ハールレムの中央広場を訪れたら、まずは入口で立ち止まり、目の前にそびえる立派な大教会をご覧ください。先端に王冠をいただいた時計塔を持つゴシック調のプロテスタント教会で、聖バーヴォ大聖堂としても知られています。この教会が建設され、ハールレムの空でひと際目を引く存在になったのは 14 世紀のこと。それ以降も、街の人々の生活の中で重要な役割を担い続けています。
この大教会には「いかり肩のヤン」という変わったニックネームが付けられています。その理由は、15 世紀に翼廊を高くしたために異様なほど背が高くなったためです。残念なことに、大教会の外壁に飾られていた美しい彫像のほとんどは 16 世紀に失われてしまいました。当時スペイン領オランダを統治していたスペインの宗教に反旗を翻したことで、破壊されてしまったのです。
これまでに、たくさんの著名人がこの教会の扉をくぐりました。

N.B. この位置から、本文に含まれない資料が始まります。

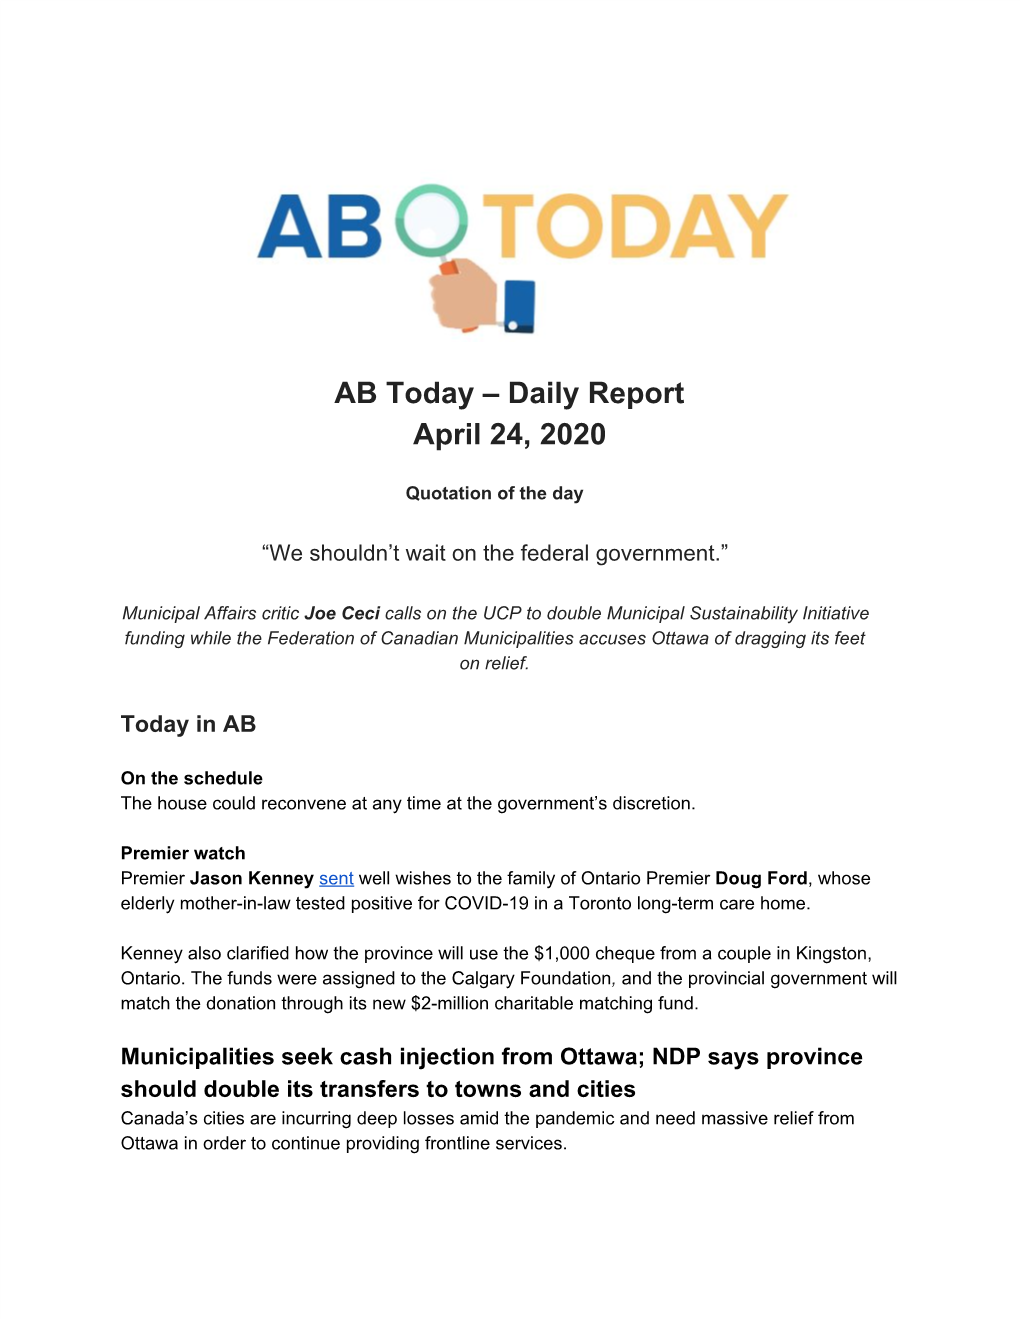 AB Today – Daily Report April 24, 2020

その中の 1 人、オランダが誇る絵画の巨匠フランス・ハルスはこの教会で眠っています。また、商人であり、芸術と科学の熱心な愛好家としても知られたピーター・タイラーも同じくここに埋葬されています。タイラーが集めたコレクションはタイラース美術館に収められているので、足をのばしてみるのもおすすめです。大教会は、第二次世界大戦で大勢のユダヤ人や地下抵抗運動者の命を救った街の英雄、コリー・テン・ボームの著書にも登場します。
教会内には、高さ 30 m (98 フィート)、およそ 5000 本のパイプを備えた巨大なオルガンが置かれています。ヘンデル、メンデルスゾーン、ハールレムを訪れていた若き日のモーツァルトが演奏したことで知られています。夏になると、毎週のようにオルガンの演奏会が開かれるので、この時期にハールレムにお越しの際はぜひご観賞ください。
教会には 15 ~ 17 世紀の芸術品や調度品が収蔵されており、少額の拝観料を払えば鑑賞することができます。中でも必見なのは、聖歌隊席の天井に描かれたすばらしい絵と、船員組合の礼拝所にある 16 および 17 世紀の軍艦の模型です。土曜日の午後には教会の歴史と展示されている美術品について学べるツアーが催行されるので、ぜひタイミングを合わせてお越しください。
大教会は、日曜日のミサの間は一般の方は入れません。